Em declarações à Lusa, Gonçalo Almeida abordou o imbróglio trazido pela pandemia de Covid-19 para o seio do futebol e do desporto, pelo que a possibilidade de a I e II Ligas portuguesas se estenderem pelo verão dentro, e para lá de 30 de junho, data em que terminam muitos contratos de jogadores e equipas técnicas, está cada vez mais em cima da mesa.

Com o adiamento do Euro2020 para o próximo ano, à semelhança da Copa América, as competições europeias e campeonatos nacionais terão de ser disputados depois de uma suspensão cuja extensão está ainda por determinar, e nesse caso qualquer alteração aos contratos teria de ser consensual entre as duas partes.

"[Qualquer adenda] depende, totalmente e sempre, da anuência expressa da parte de cada um dos atletas. Os contratos de trabalho desportivo não podem ser unilateralmente impostos aos jogadores, precisam da sua concordância", afirma o advogado.

Nesta situação, o Sindicato dos Jogadores Profissionais de Futebol terá "um papel bastante relevante como entidade representativa, mas não vincula os jogadores", numa situação que traria, também, várias implicações a nível financeiro para os clubes.

Gonçalo Almeida exemplifica com o caso de um jogador cujo contrato termine em junho de 2021, e que estaria "livre para assinar por outro clube em janeiro", deixando os clubes privados de, no verão, tentarem "a renovação do contrato ou um encaixe financeiro com a transferência".

Quanto a bónus e cláusulas relativas a títulos ou a conquista de determinados objetivos, fica claro que "são motivos de força maior que transcendem a vontade das partes", e por isso nenhuma tem culpa numa situação, pelo que "não sendo verificável", os objetivos não podem ser alcançados nem pagos.

Perante uma "situação completamente inovadora, cuja duração e consequências não há ainda a noção", avançar "com cenários é sempre precipitado", mas Gonçalo Almeida aponta para o 4.º artigo do Regulamento de Competições da Liga Portuguesa de Futebol Profissional, que baliza "a extensão e adiamento" das competições profissionais.

Fora desse âmbito, como "um desfecho antecipado da competição", o regulamento "nada diz", pelo que na eventualidade de se tornar "impossível terminar as duas voltas dos campeonatos profissionais", há uma omissão regulamentar.

Nesse prisma, o especialista em direito do desporto alerta para o facto de não existir "necessidade de se atribuir título ou estabelecer classificação para esta época desportiva", alertando antes para "a realidade já estabelecida", ou seja, a temporada anterior, para efeitos de apuramento para competições europeias.

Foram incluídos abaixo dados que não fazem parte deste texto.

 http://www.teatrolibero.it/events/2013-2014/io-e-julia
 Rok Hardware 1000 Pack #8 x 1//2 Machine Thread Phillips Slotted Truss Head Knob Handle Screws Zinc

"O fim da época anterior é uma realidade que já está definida. Qualquer critério que venha a ser articulado para atribuição de título ou promoção será sempre um critério que não está previsto na lei, não está regulamento, e será sempre subjetivo. Haverá quem concorde e não concorde, porque cada um tem os seus interesses, e isso é perfeitamente legítimo", adiantou.

O especialista referiu ainda que num momento em que "toda a matéria é omissa", há situações anteriores, como as duas guerras mundiais, em que a atividade desportiva esteve suspensa, e em casos de interrupção não houve lugar a qualquer definição de classificação.

"Não estando nada previsto, estar ‘a posteriori' a definir critérios que podem favorecer uns e não outros parece-me desnecessário. Se os regulamentos são omissos, não há necessidade de atribuir", completou.

O novo coronavírus, responsável pela pandemia da Covid-19, infetou mais de 210 mil pessoas em todo o mundo, das quais mais de 8.750 morreram.

Das pessoas infetadas, mais de 84.000 recuperaram da doença.

Em Portugal, a Direção-Geral da Saúde (DGS) elevou hoje o número de casos confirmados de infeção para 642, mais 194 do que na terça-feira. O número de mortos no país subiu para dois.

A Assembleia da República aprovou hoje o decreto de declaração do estado de emergência que lhe foi submetido pelo Presidente da República com o objetivo de combater a pandemia de Covid-19, após a proposta ter recebido pareceres favoráveis do Conselho de Estado e do Governo.

O surto começou na China, em dezembro, e espalhou-se já por 170 países e territórios, o que levou a Organização Mundial da Saúde (OMS) a declarar uma situação de pandemia.

Os países mais afetados depois da China são a Itália, com 2.978 mortes para 35.713 casos, o Irão, com 1.135 mortes (17.350 casos), a Espanha, com 558 mortes (13.716 casos) e a França com 175 mortes (7.730 casos).